Stallone is the guy to do all this, and he plays the character of Rocky more convincingly and honestly than any actor has played any character in Hollywood history. You can try to put that on the fact that Stallone is Rocky—something people tried to say when the first movie premiered—but this simply isn’t the case. Sly, the man, is a good-looking, charismatic, intelligent, HGH’ed-up, tale-spinning, quippy movie star. When Sly the actor plays Rocky, he lets that go and allows the character to take him away. Rocky is maybe the only franchise hero in Hollywood history who we have seen get old and frail and still maintain his franchise. To return to the James Bond analogy, every time the actor playing James slows down even slightly, he’s tossed onto a pile of wrecked Aston Martins like the expendable commodity he is. But not Rocky. We’ve seen him go from palooka, to overbloated star athlete, to elder statesman, to broken-down and dead-broke loser, to humble business owner, to . . . Well, you’ll have to see the film, if you haven’t already, to find out.
So is Creed the best of the Rocky movies? Maybe. I don’t know. What I do know is that whenever I brought up my love of the Rocky franchise before this, I had to pretend the films were a “guilty pleasure,” even though I knew they weren’t. And I’m happy to finally be able to embrace them publicly now.

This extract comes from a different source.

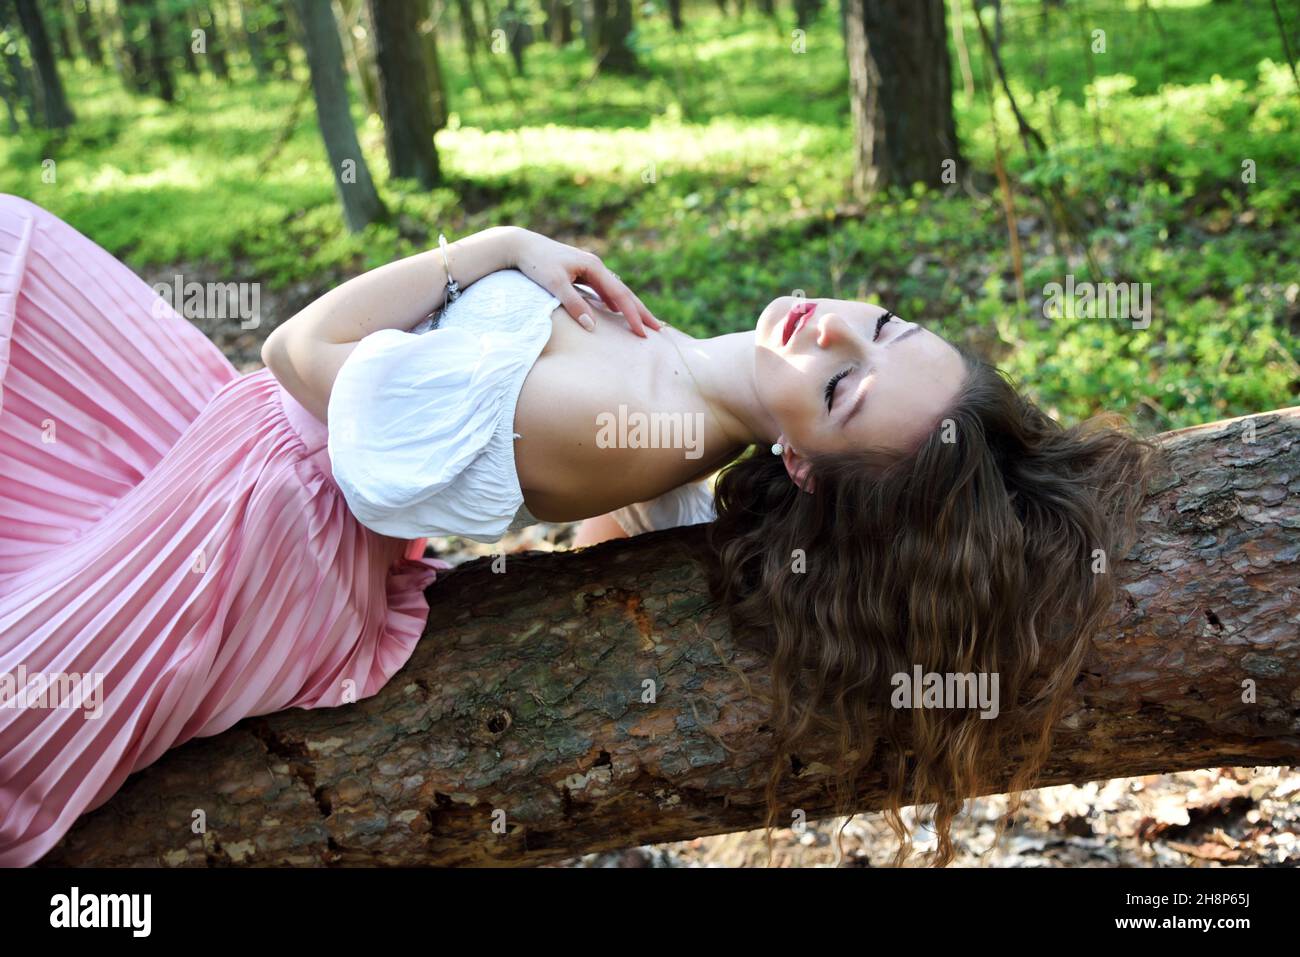 Jolie, jeune femme posant dans la forêt.Environnement vert au printemps en Pologne. Banque D'Images

Yes, I have to stop tears every time Adrian tells Rocky to “win” from her hospital bed in Rocky II. And yes, I get goose bumps every time I see Apollo and Rocky hugging on the beach in Rocky III, because it reminds me of my own interracial bromance with Jason, my best friend since high school. I have quoted Rocky’s speech from the end of Rocky IV more times than I feel comfortable mentioning. And even the first scene in the very flawed Rocky V guts me every time I see it. I still laugh every time I see Rocky respond, “I don’t use them,” to a question about investing in condominiums in Rocky II. When I need inspiration, I’ve been known to play “Gonna Fly Now” on a loop on Spotify. And if Survivor’s “Eye of the Tiger” comes on, I nod my head enthusiastically—while I pretend I’m doing it ironically if anyone sees me.
I will no longer be ashamed of any of this. And admit it: you’ve done the same stuff. If you haven’t run up a bunch of stairs and thrown your fists up in the air at the top like you have a whole city supporting you, then you haven’t really lived. And if you haven’t called old white guys you like “Unc,” as I’ll be doing now after watching Creed, you haven’t done life right either.
Creed may or may not be the best Rocky film ever, but it is exactly what the Rocky franchise deserves: a truly great, and culturally relevant, film.